In God We Trust

Continuation of U.S. Decline is a Choice, Not an Inevitability

 

IBDEditorials.com

“We're in an inevitable relative decline in role influence,” said former President Jimmy Carter. “Not because of any fault of ours,...

Superpower: Former President Jimmy Carter says America is "in an inevitable relative decline," but "not because of any fault of ours." Sorry, Mr. President: But it is your fault, and your current successor's, too.

There is nothing inevitable about American decline — any more than there was anything inevitable about America's rise to dominance in the world.

The nectar of liberty nourished us in that astonishing ascent, and we can again decide to be great. Indeed, choosing otherwise will lead not to American mediocrity but to the bloody fall of a secure free world.

So it is galling when the worst president of the 20th century excuses the worst president of the 21st century for dragging us down to global impotency.

Interviewed on MSNBC on Tuesday, Carter was asked, "How is the United States doing right now?
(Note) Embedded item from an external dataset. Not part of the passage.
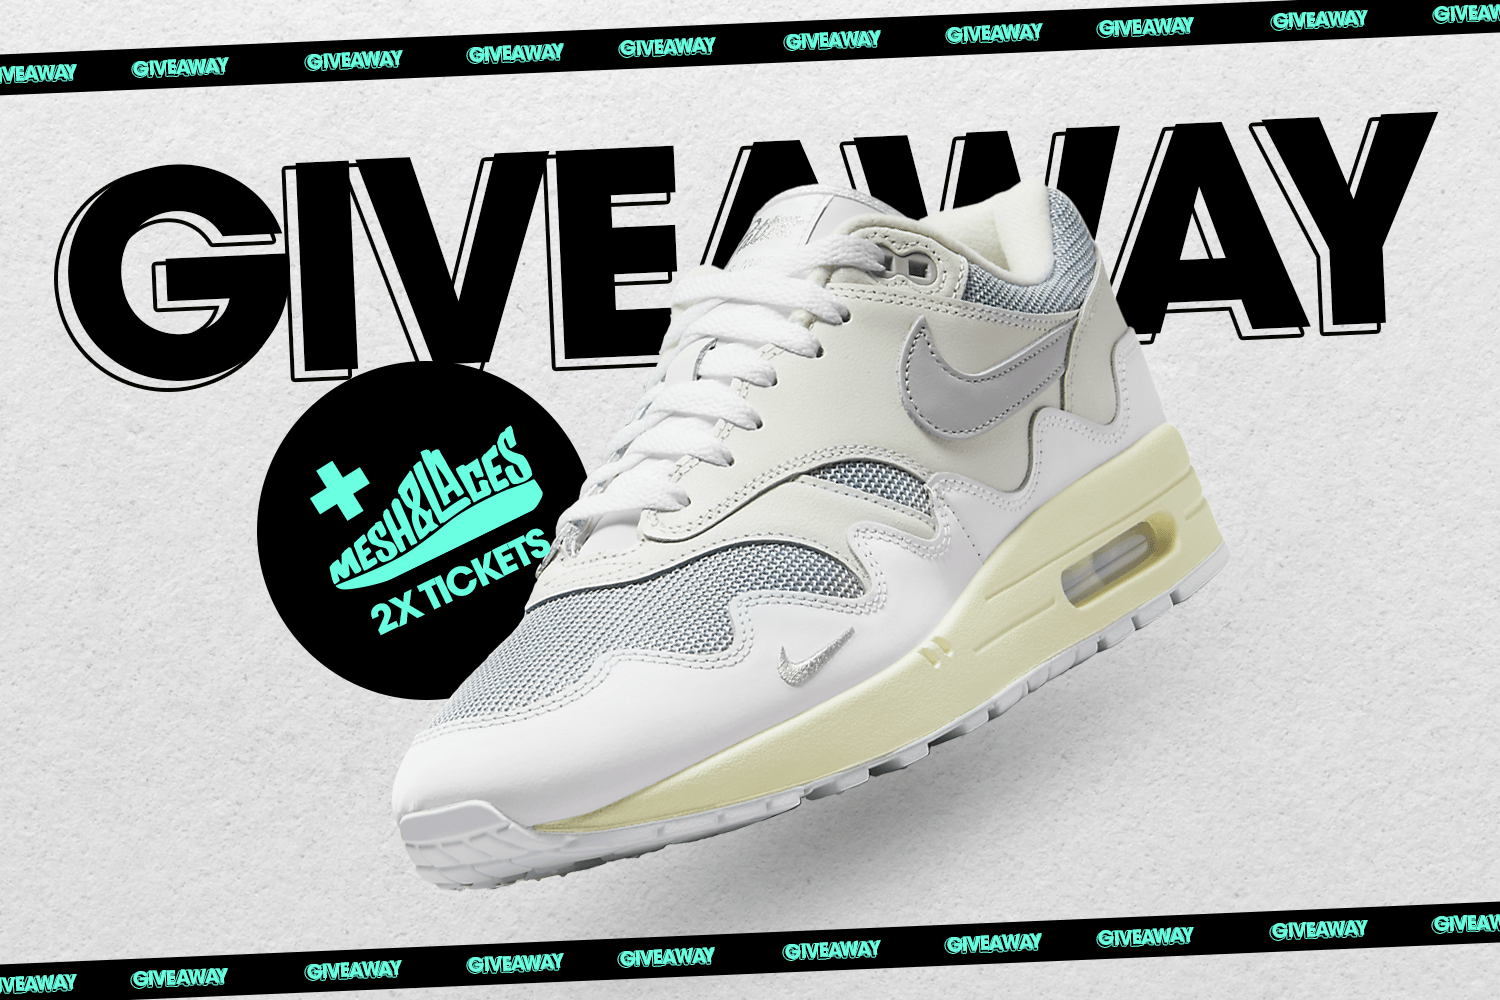 Sneakerjagers is coming up with a Mesh & Laces giveaway
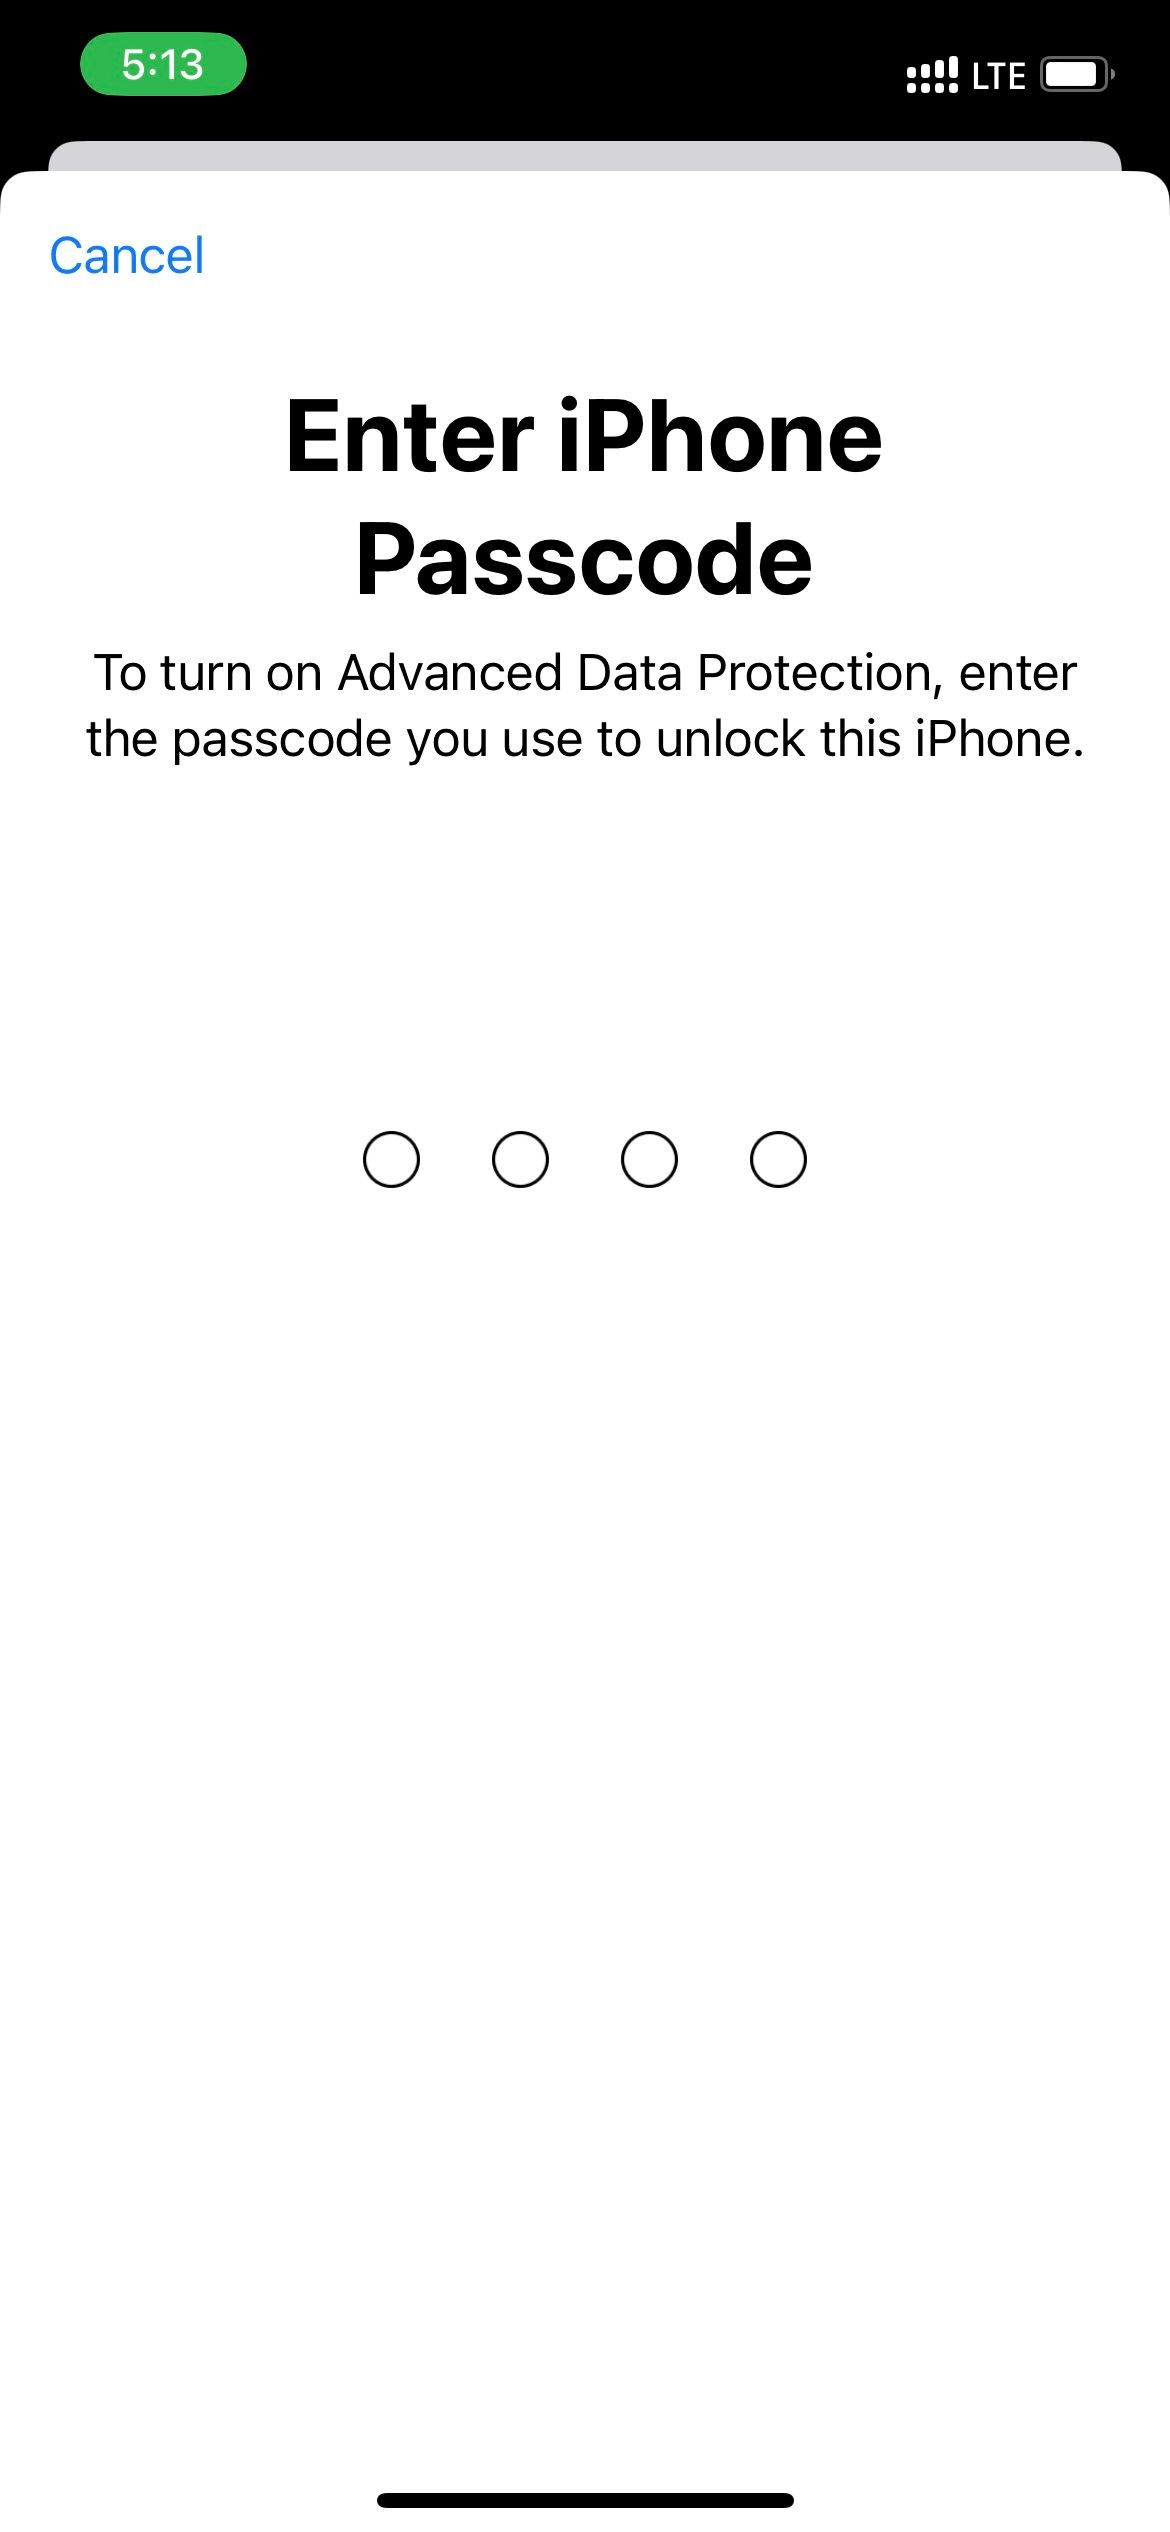 Enter your iPhone Passcode when required

Where are we?"

He replied that America is "in an inevitable relative decline," but "not because of any fault of ours," rather through "the combination of China and India and Brazil and South Africa and others" exercising an "economic and cultural influence" that "will replace a lot of the power and preeminence that the United States has enjoyed in the past."

Specifically, China will soon, according to Carter, "succeed the United States as the No. 1 economic power in the world." The U.S. is also less able "to change situations that we don't like around the world."

And all this "is not because of a defect or fault on the part of the president of the United States," the 39th president asserted. "It's just happening in the historical evolutionary, unavoidable circumstance."

Wrong. It isn't "just happening" — any more than the overthrow of the Shah of Iran and his replacement by the Ayatollah Khomeini while Carter was president "just happened."

The Khomeini regime remains in power over 35 years later. The whole threat of Iran arming itself with nuclear weapons today is Carter's doing. If, God forbid, an Iranian bomb ever incinerates a U.S. or European city, historians will blame Jimmy Carter for planting the seed and Barack Obama for its growth into full maturity.

Many believe Carter's foreign policy observations to be worth listening to because of the Camp David accords, but his reputation in this is overblown; Anwar Sadat chose civilization over hate for the Jews not at Carter's bidding but because he knew it to be in Egypt's long-term interest. And Sadat paid the ultimate price for that heroism: murder by Islamist fanatics.

Twenty-five years ago, the conventional wisdom was that Japan, not China, would inherit the earth; instead, it lost a trillion dollars in GDP, not least because an overconfident and aging Japan was challenged economically from elsewhere in capitalist Asia. Competition has a way of confounding the fortune tellers.

The U.S. doesn't have to resign itself to second-rate status at the hands of China, India, South America or any rising economy. But that is exactly what will happen if we elect more misguided presidents like Carter and Obama, who espouse socialist economics and self-flagellating foreign policies.